Читаем Андрей Белый и Эмилий Метнер. Переписка. 1902–1915 полностью

Теперь: я берусь за книги; Ницше, Ибсен говорят мне лишь то, что многое моего было и у них; а мистики всех времен и народов лишь благо-рассуждают о сладчайших Иисусовых и не Иисусовых переживаниях в Духе.

«Этого мне мало», кричу я всю жизнь про себя: «эстетизм» и «мистицизм» не про меня; и строю концепцию «символизм» (заметьте) мимо философизма, эстетизма и «мистицизма».

Мне нужно реальное знание, реальное уразумение: религия этого, т. е. связь меня во мне с вне меня-смыслом.

А вот Доктор первый мне меня объясняет; и не только объясняет, но и дает реальный путь продолжения и раскрытия меня – в моем: то же, что есть для меня подлинное начало творчества, созидания в себе того, о чем до сих пор я лишь писал, как «о» чем-то внешнем – это подлинное начало творчества опять-таки рассматривается, как заблуждение.

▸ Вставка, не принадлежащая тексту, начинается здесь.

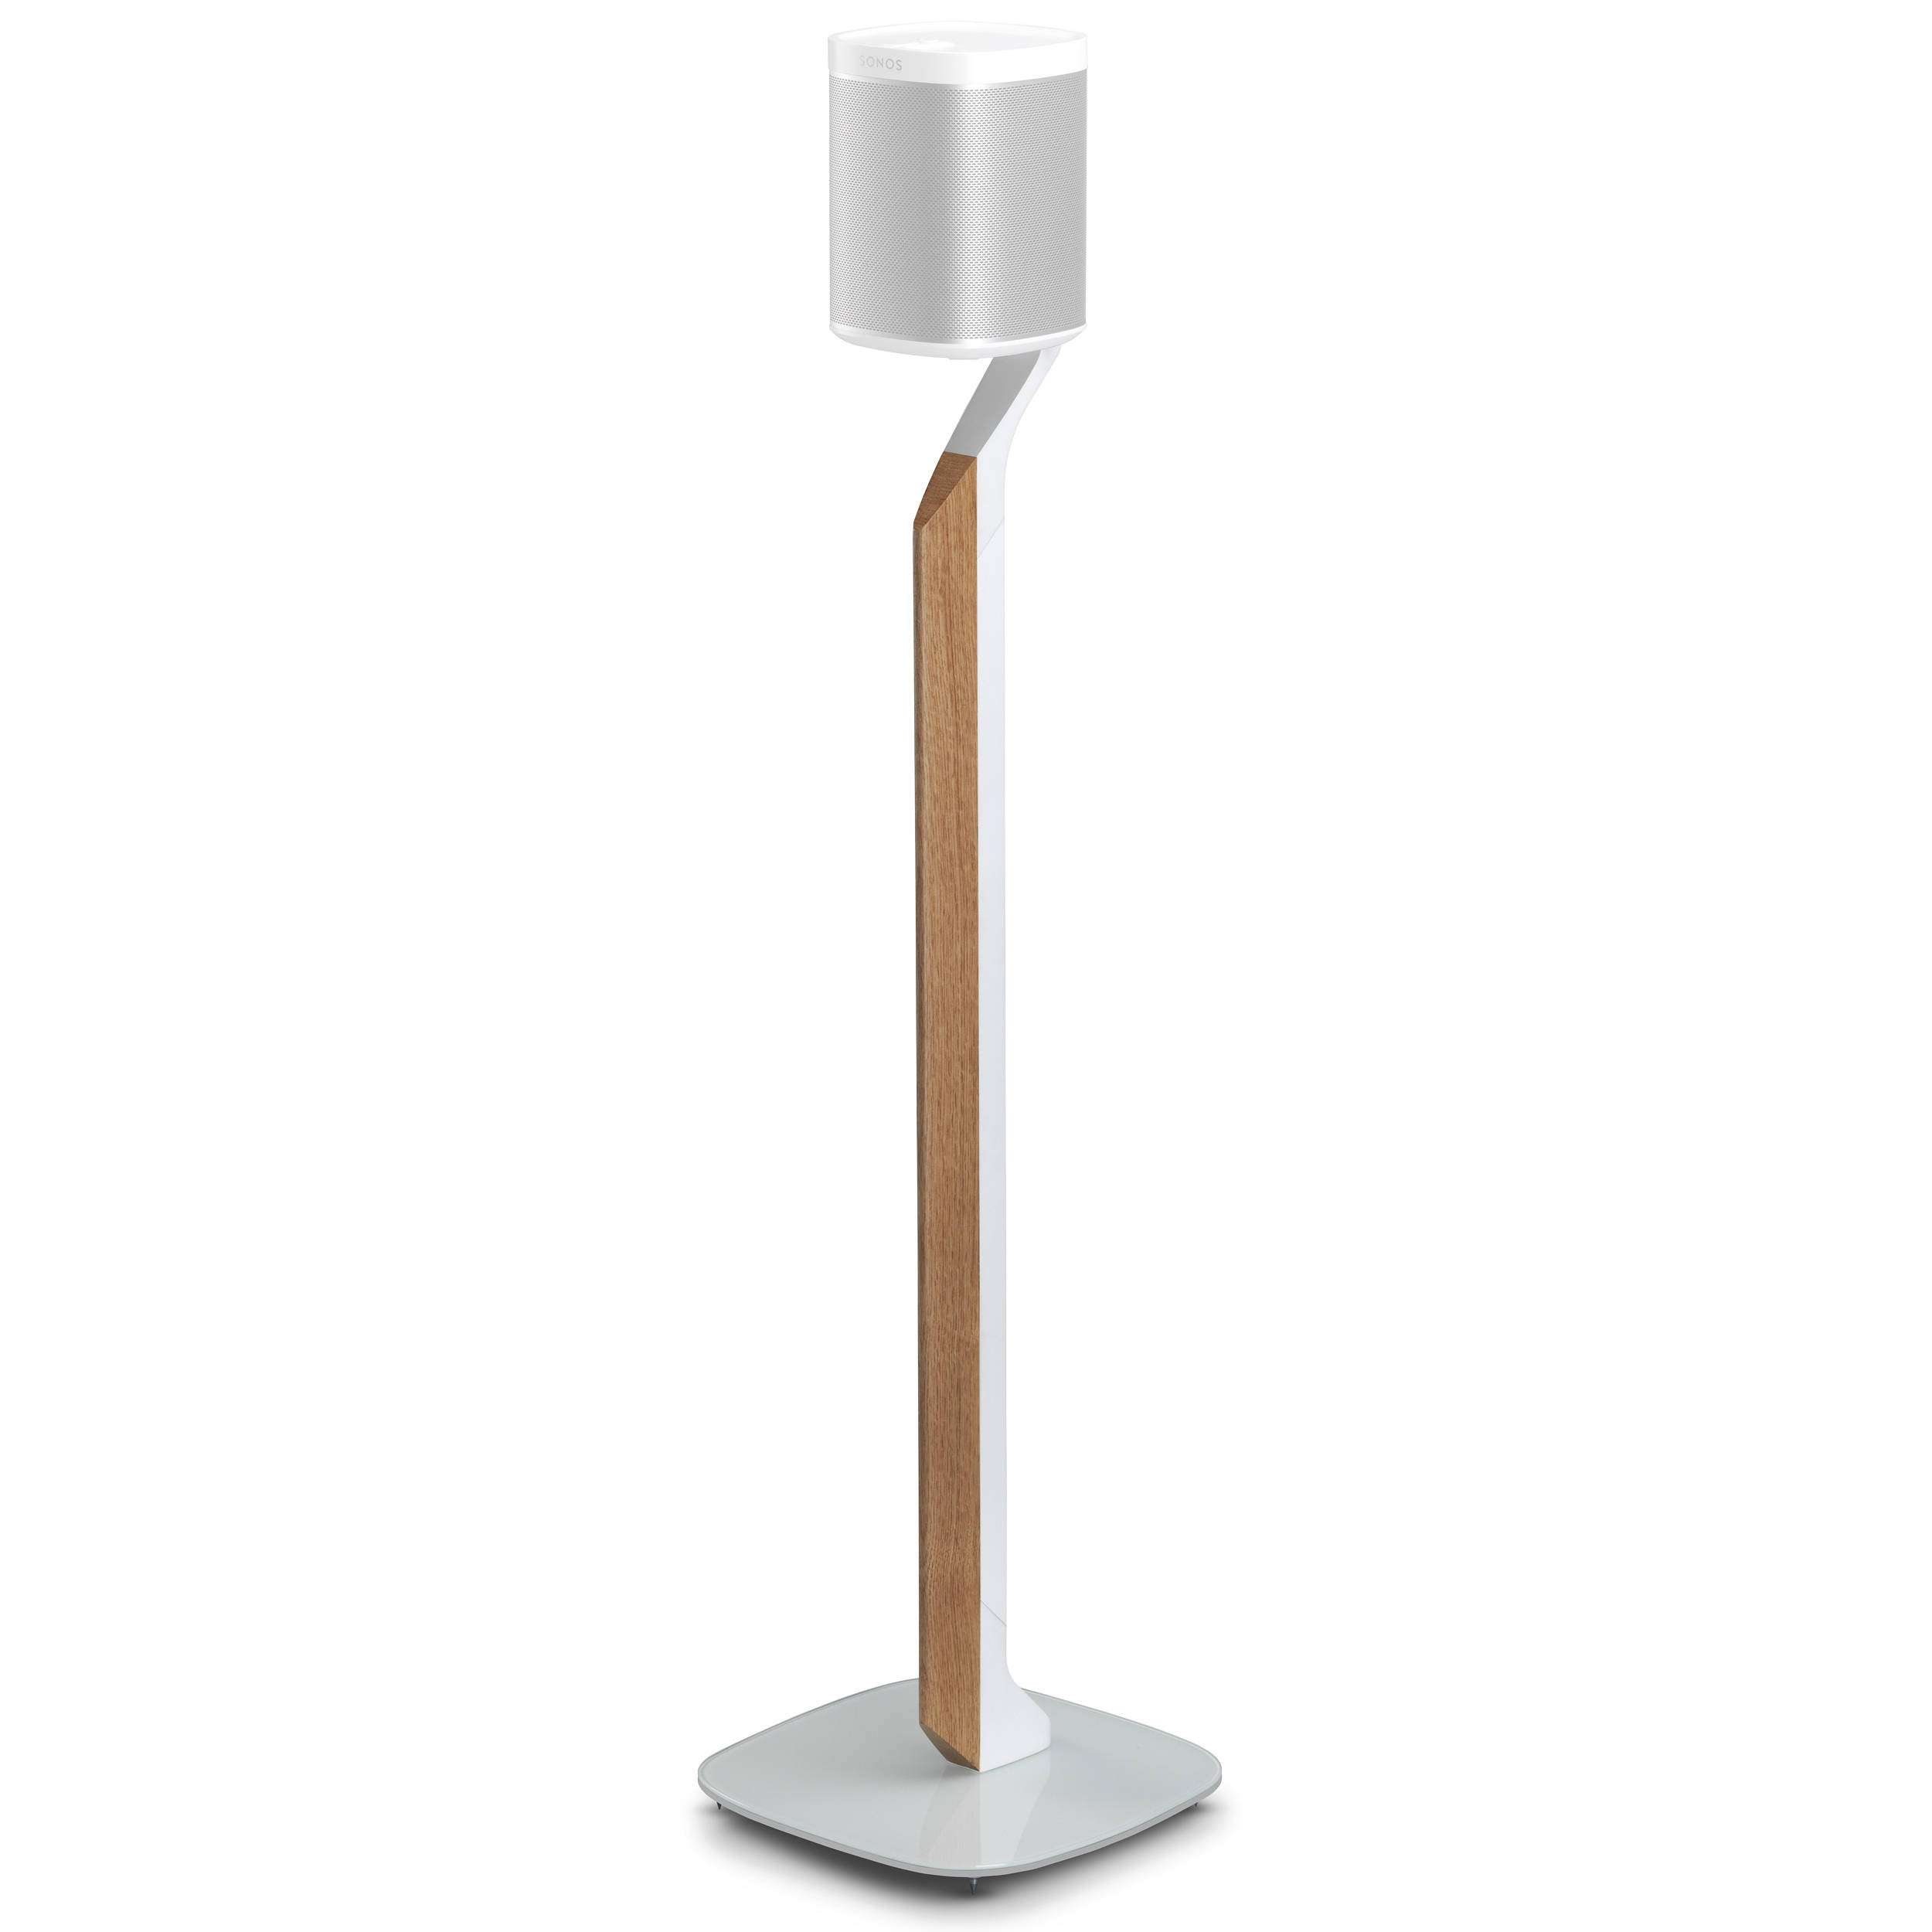 flexson premium floor stand for sonos play 1 flxp1pfs1011 b h. Black Bedroom Furniture Sets. Home Design Ideas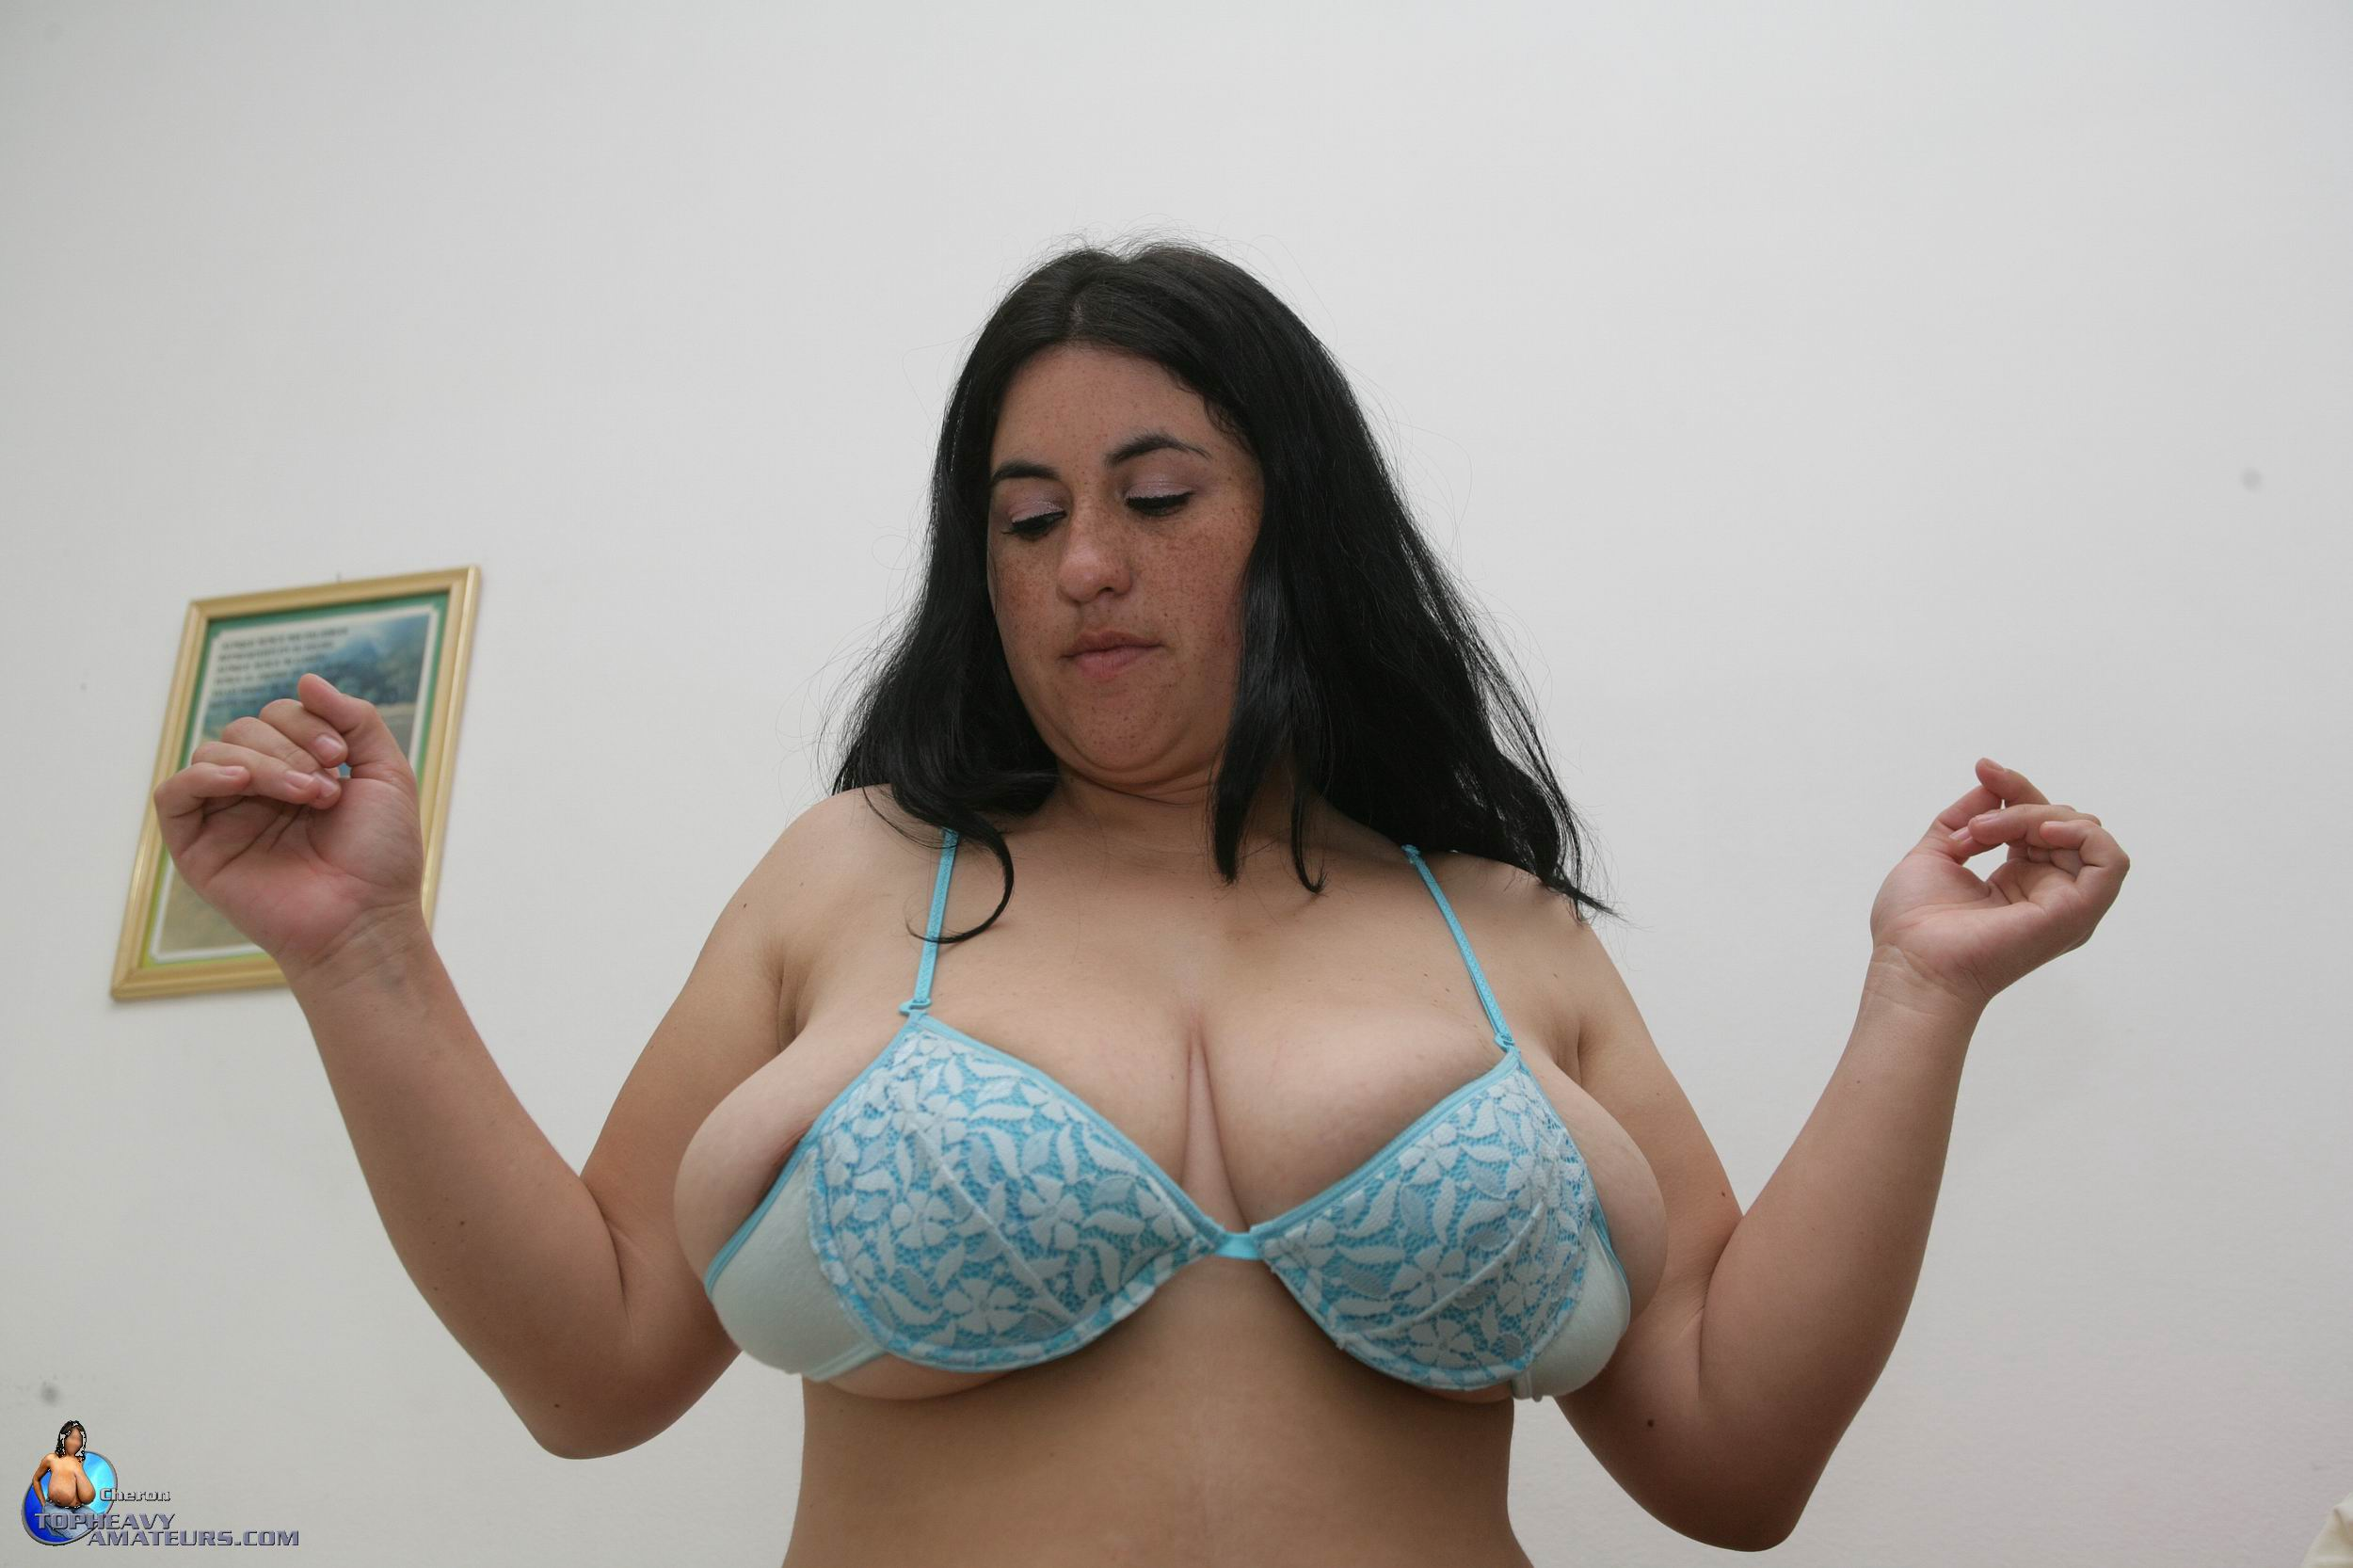 Hot busty gal amateur live cam video 2

Что же мне – всё писать «о» и самому по мере писания книги за книгой отходить от этого «о», т. е. становиться тенью себя, выжатым лимоном себя?.. Ведь вот что мне советуется осуждением моего пребывания у Доктора. Хорошо: что же Вы нашему теперешнему пути противопоставите, как реальный эквивалент? Вы отрицаете Доктора, а что Вы полагаете? Я шел, шел, шел и вот до-шел прямо до Доктора; а мне говорят, что я куда-то свернул. Если я свернул в закоулок, то начало сворачивания – в 1902-ом году, т. е. я должен был бы в пластично-классической форме описывать пластично-классичные образы вместо того, чтоб лепетать о закатах. Поймите, в этом лепете о закате уже сидит то, что внешне может быть названо оккультизмом. Или: почему же 1909 год, когда мы оба, заметьте, говорили об оккультизме, мне не поставить в вину? Ведь мое «да» есть уже опасное отклонение, мой приход к Доктору есть лишь повторение «да» сказанного в 1909 году и пригрезившегося в 1902-м. Вопрос мог быть лишь в том, что Доктор не то, что это мое «да» в 1909. Но Доктор именно это, квинт-эссенция этого. Почему сейчас мальчишка Степпун с треском вещает ко мне «берегитесь», а в 1909 году не вещал[3448].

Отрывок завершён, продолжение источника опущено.